Convia selected as lighting control provider for Empire State Building retrofit

November 16, 2009—Convia/A Herman Miller Company, has been selected as the lighting control provider for pre-built offices as part of the $20 million dollar Empire State Building retrofit project. Targeted at making the landmark a model of sustainability and propelling the nation’s interest in green building retrofits, the project is expected to reduce energy use and carbon emissions in the building by approximately 40 percent and put it within the top 10 percent of all energy efficient buildings worldwide.

The Empire State Building retrofit project is led by a team of consulting, design and construction partners, including the Clinton Climate Initiative, Johnson Controls Inc. (JCI), Jones Lang LaSalle (JLL) and Rocky Mountain Institute. The Convia technology, on display at November’s United States Green Building Council’s (USGBC) annual Greenbuild International Conference and Expo, will play a critical role in the energy management of the Empire State Building’s pre-built tenant spaces, which other tenants may use as a model for energy efficiency within their own spaces. The building owners are looking to tenant participation to reduce energy consumption by 17 percent.
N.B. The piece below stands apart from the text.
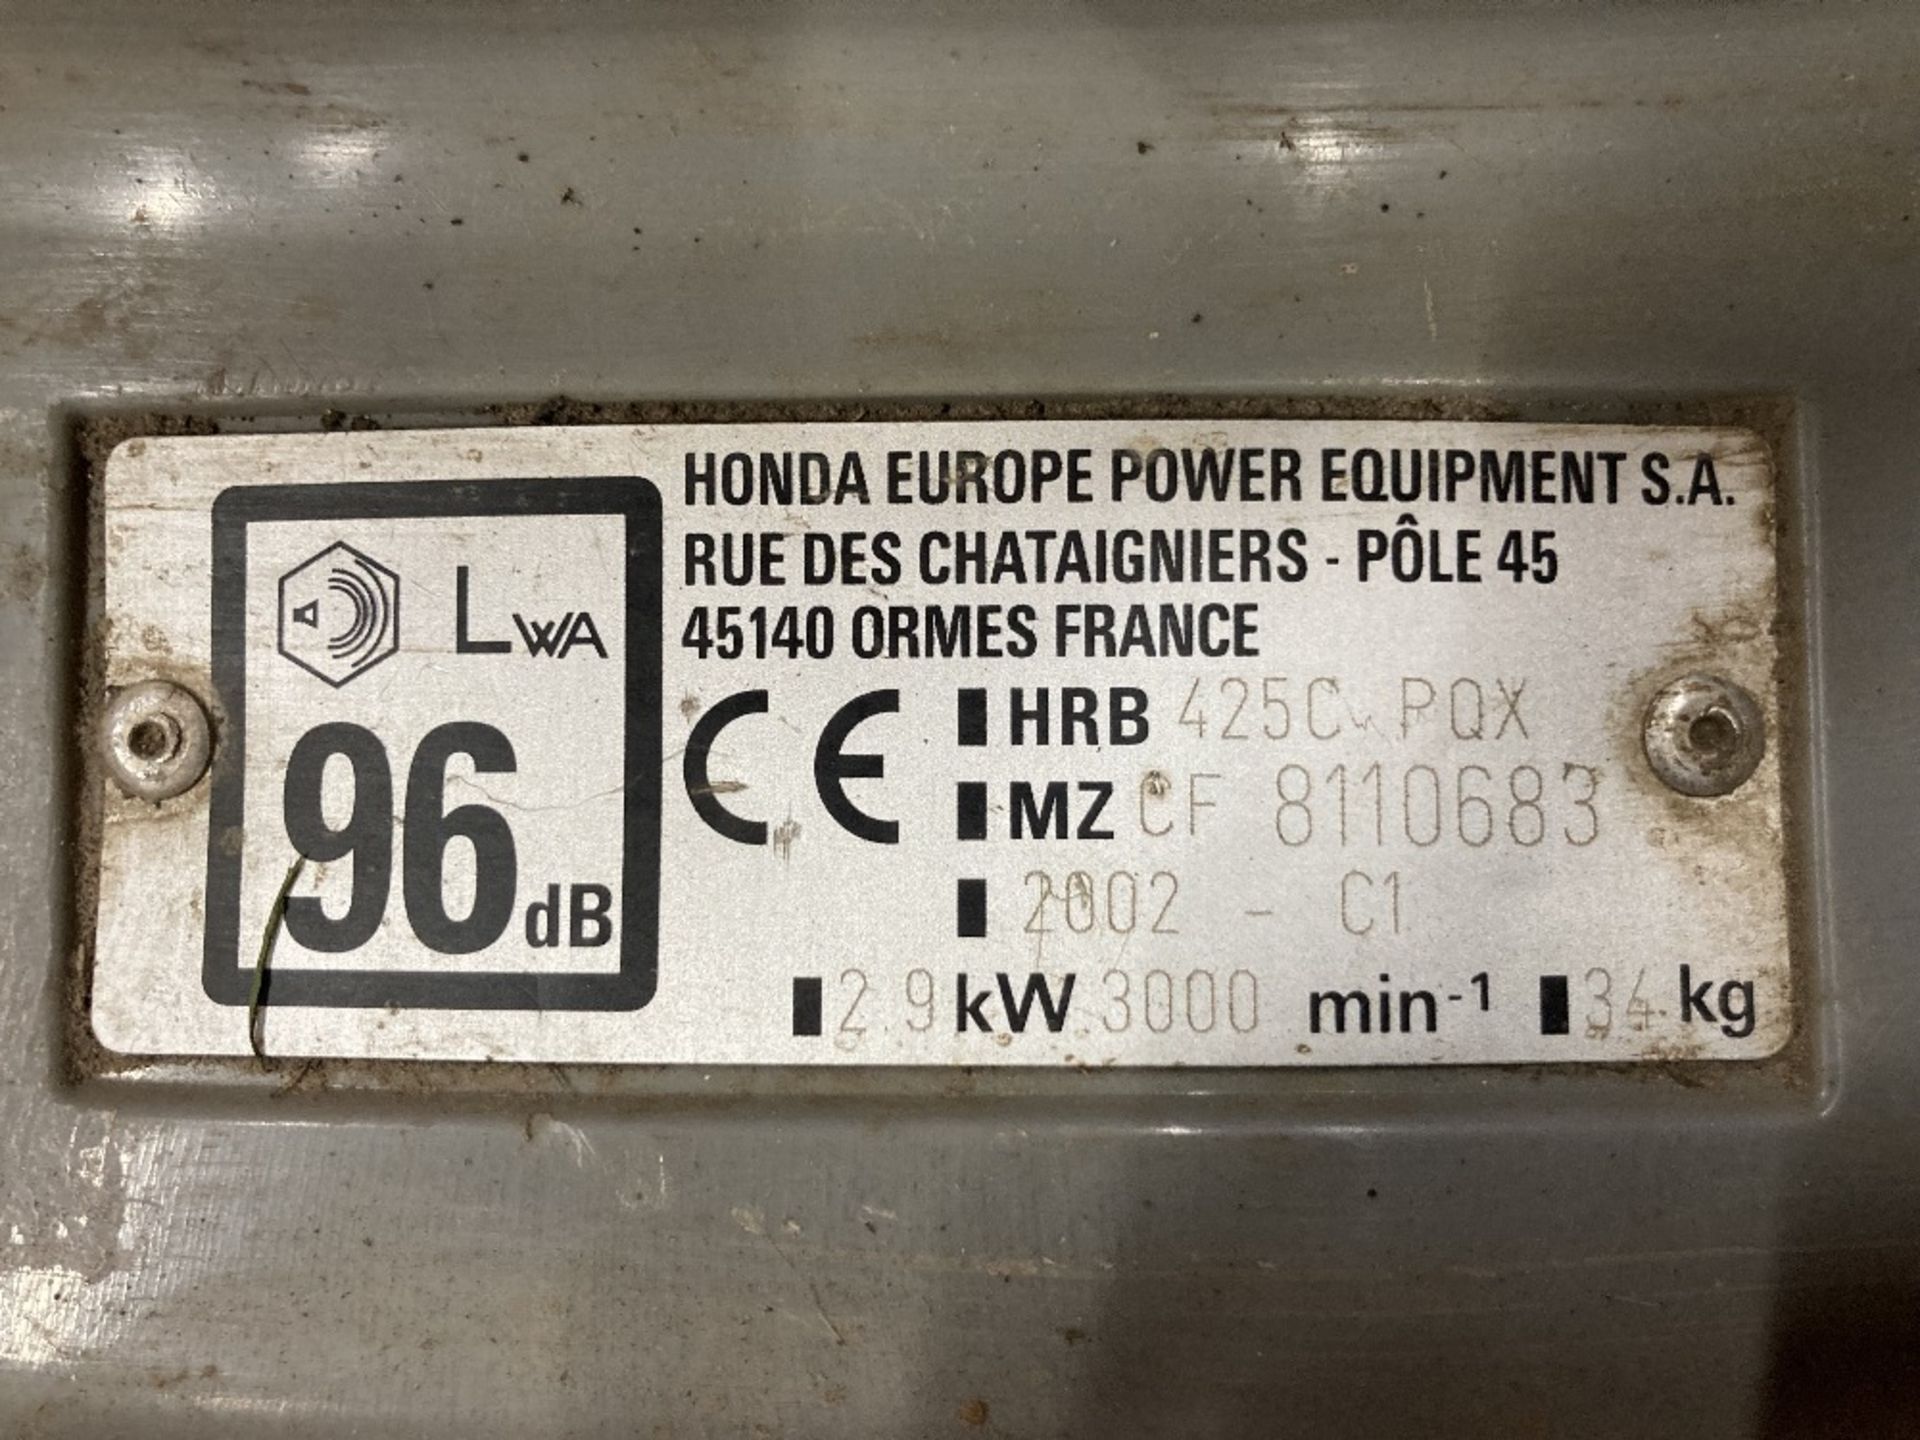 Honda HRB 425C POX Rotary Lawn Mower - Image 5 of 5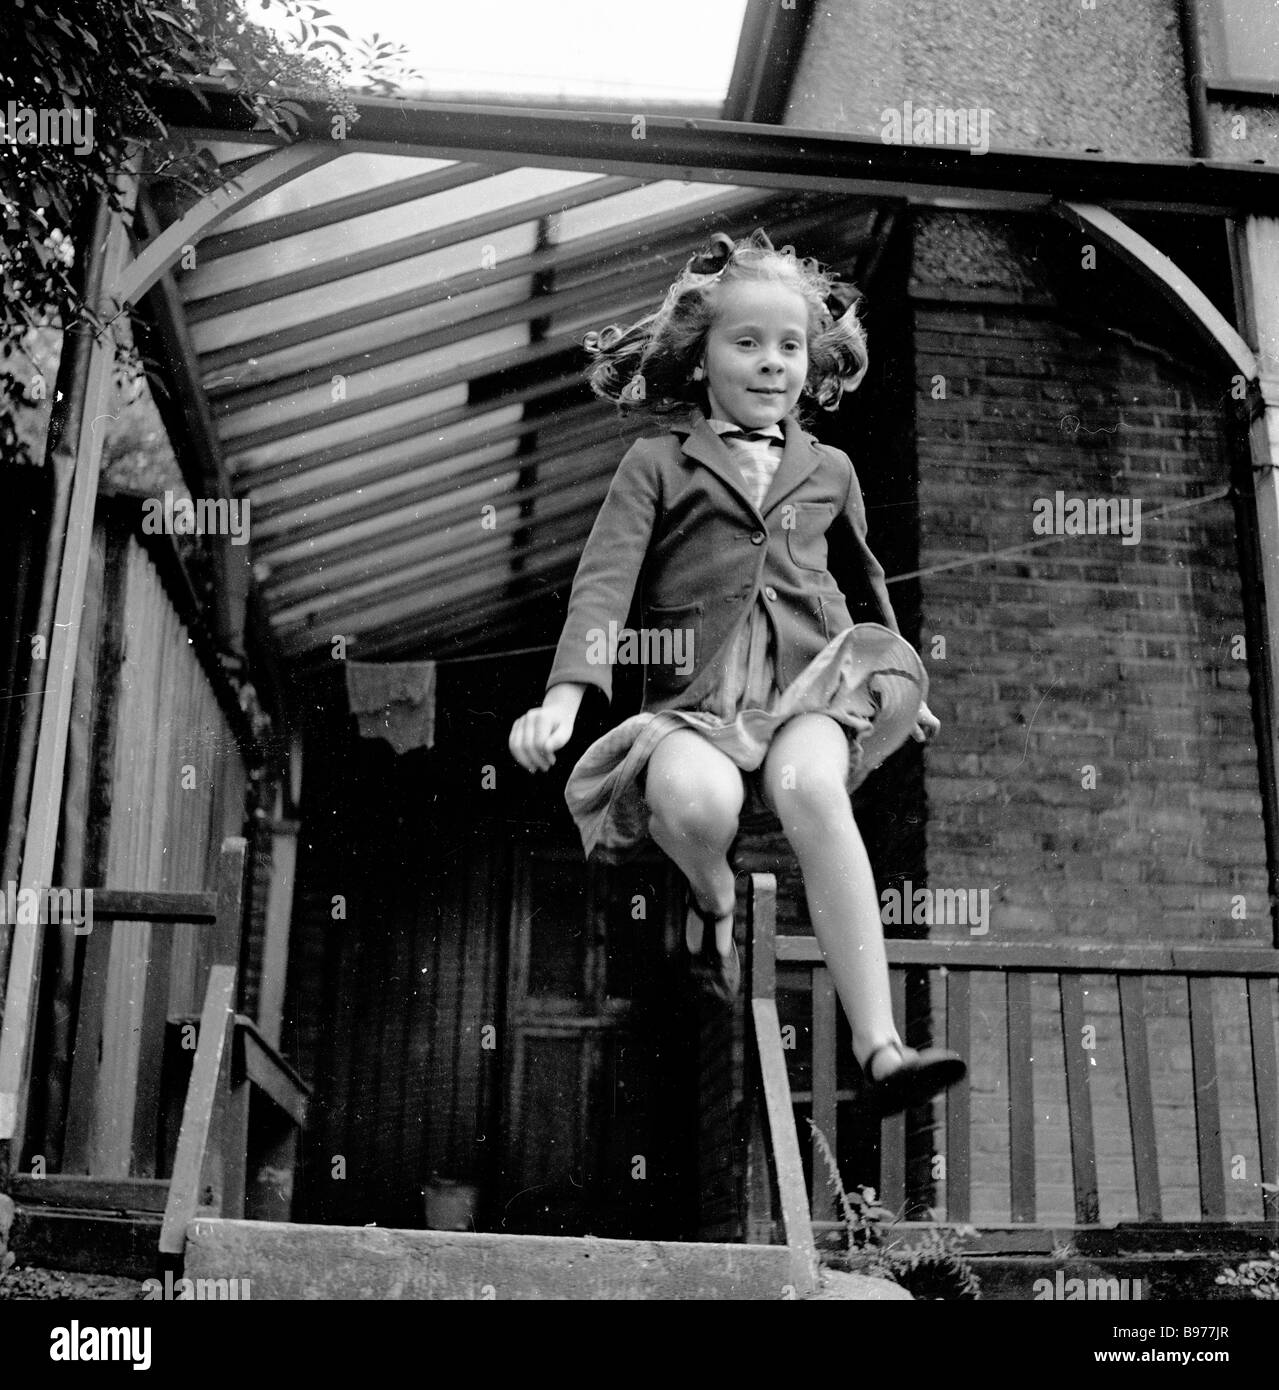 1950s, ein junges Schulmädchen, das von der hinteren Veranda oder der seitlichen Veranda eines Hauses, London England, UK, springt, in diesem historischen Bild von J Allan Cash. Stockfoto

Convia is installed in a prototype office space on the building’s 42nd floor, which has been set up to reflect a Platinum LEED office. New and renewing tenants can visit the prototype for ideas on how they can design for maximum efficiency as well as employee productivity and comfort. Nearly 40 percent of tenant space will come up for renewal in the next four years.

Together, HVAC (30-35 percent), lighting (30-40 percent) and plug loads/office equipment (12-18 percent) account for nearly 93 percent of total energy use within a building. Convia addresses all three of these areas with a simple and intelligent controls and management platform. Within the prototype space, the Convia technology offers a whole building level of control, providing sustainable solutions for everything from the building infrastructure to the individual workstation, including new advancements in plug load control through Herman Miller’s Energy Manager device.

Energy Manager, which is embedded in Herman Miller’s Intent and Ethospace workstations in the space, is a device that senses occupancy and controls power in the company’s systems furniture to save energy and lower costs. When a person sits down to work, an occupancy sensor detects their presence and turns on the devices in the cluster plugged into those two circuits, known as plug loads (e.g. task lights, printers, monitors or chargers). When the cluster is unoccupied, the devices automatically shut off. With plug load energy expected to rise by 70 percent over the next decade, Energy Manager provides an effective solution to control this energy.

Other key components of Convia that are integrated into the prototype space include: occupancy sensors; thermostat set-points; daylight dimming; wall switches; wand, for virtual wiring.